A key institutional reform proposed is the creation of a National Electricity Council, headed by the Union Power Minister and comprising state power ministers as members. The council will advise on policy measures, build consensus on reforms, and oversee their coordinated implementation.

Despite major structural changes since the original Act was enacted, the ministry noted that the distribution segment remains financially stressed, with cumulative losses exceeding ₹6.9 lakh crore. Regulatory delays and the burden of cross-subsidies, which have inflated industrial tariffs, have hurt both the financial viability of discoms and industrial competitiveness.

Broader push

The amendments also empower the Centre to promote and regulate power trading platforms and new market products, marking a broader push to build a more competitive electricity market that enhances price discovery, operational flexibility, and renewable integration.
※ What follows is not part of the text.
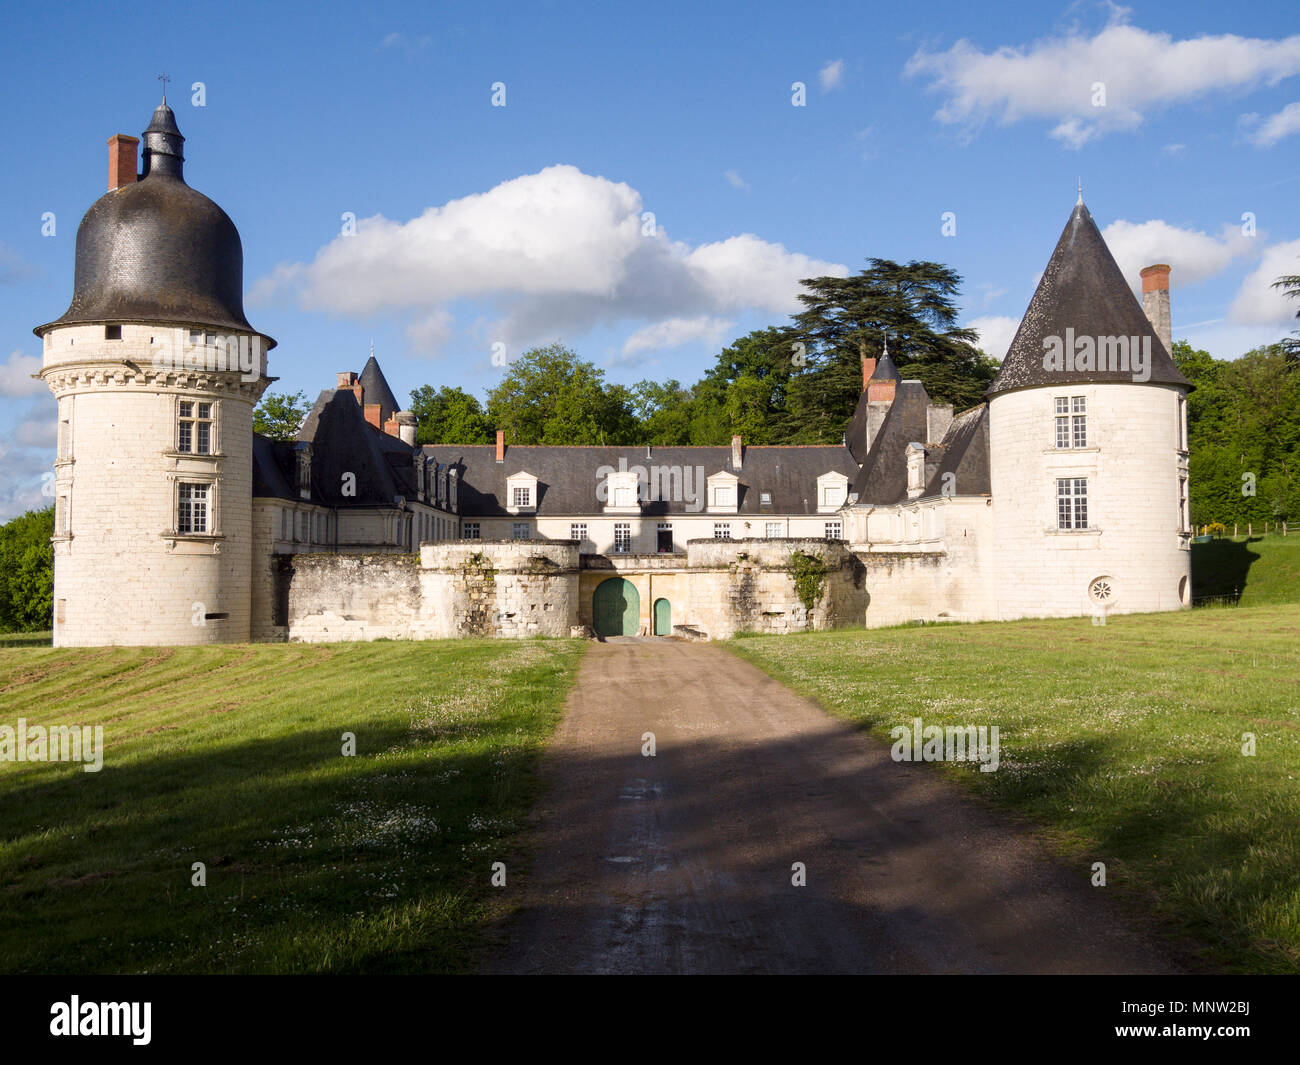 Entrada al Chateau du Gue-Pean: Esta bien conservado chateau en la región del Loira de Francia está rodeada por una Próspera granja de caballos. Foto de stock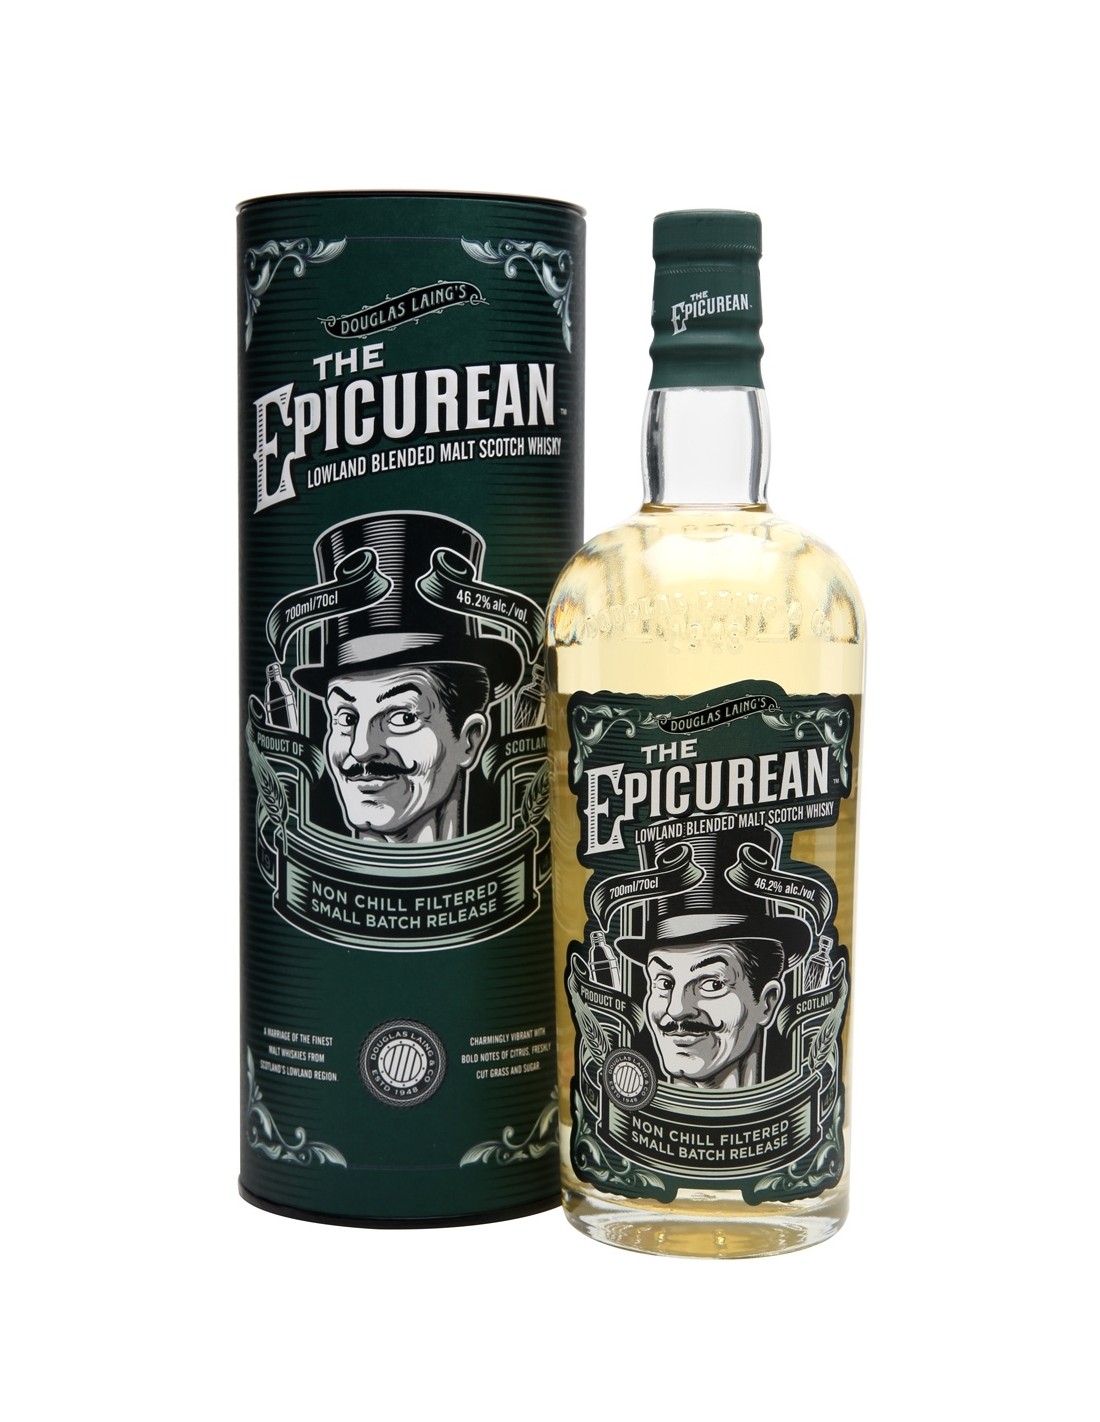 Whisky The Epicurean, 46.2% alc., 0.7L, Scotia

The concept of separating “content” (retail electricity) from “carriage” (wires) was first outlined by NITI Aayog in 2021 as a way to introduce retail customer choice in the sector. However, the Centre’s earlier attempts to push through these reforms have faced strong opposition from states. In 2022, several States objected to the proposed separation, citing concerns over loss of autonomy and the impact on India’s federal structure.

Regulator oversight

In a notable shift, the draft also introduces provisions for disciplinary action against members of the Central and State Electricity Regulatory Commissions (CERC and SERCs). The government may intervene in cases of wilful violation, gross negligence, or failure to discharge statutory duties, marking a departure from the high degree of autonomy regulators have traditionally enjoyed.

To accelerate India’s clean energy transition, the Bill empowers the CERC to develop market-based instruments aimed at attracting investment, fostering competition, and ensuring faster renewable capacity addition. It also allows the Central Government to set enforceable non-fossil energy consumption obligations under the Electricity Act.

India currently has around 67 power distribution companies (Discoms), of which 16 are privately operated across Delhi, Mumbai, Odisha, West Bengal, Gujarat, and Dadra & Nagar Haveli. The key private players include Tata Power, Adani Group, Torrent Power, and the RP-Sanjiv Goenka Group’s CESC Ltd.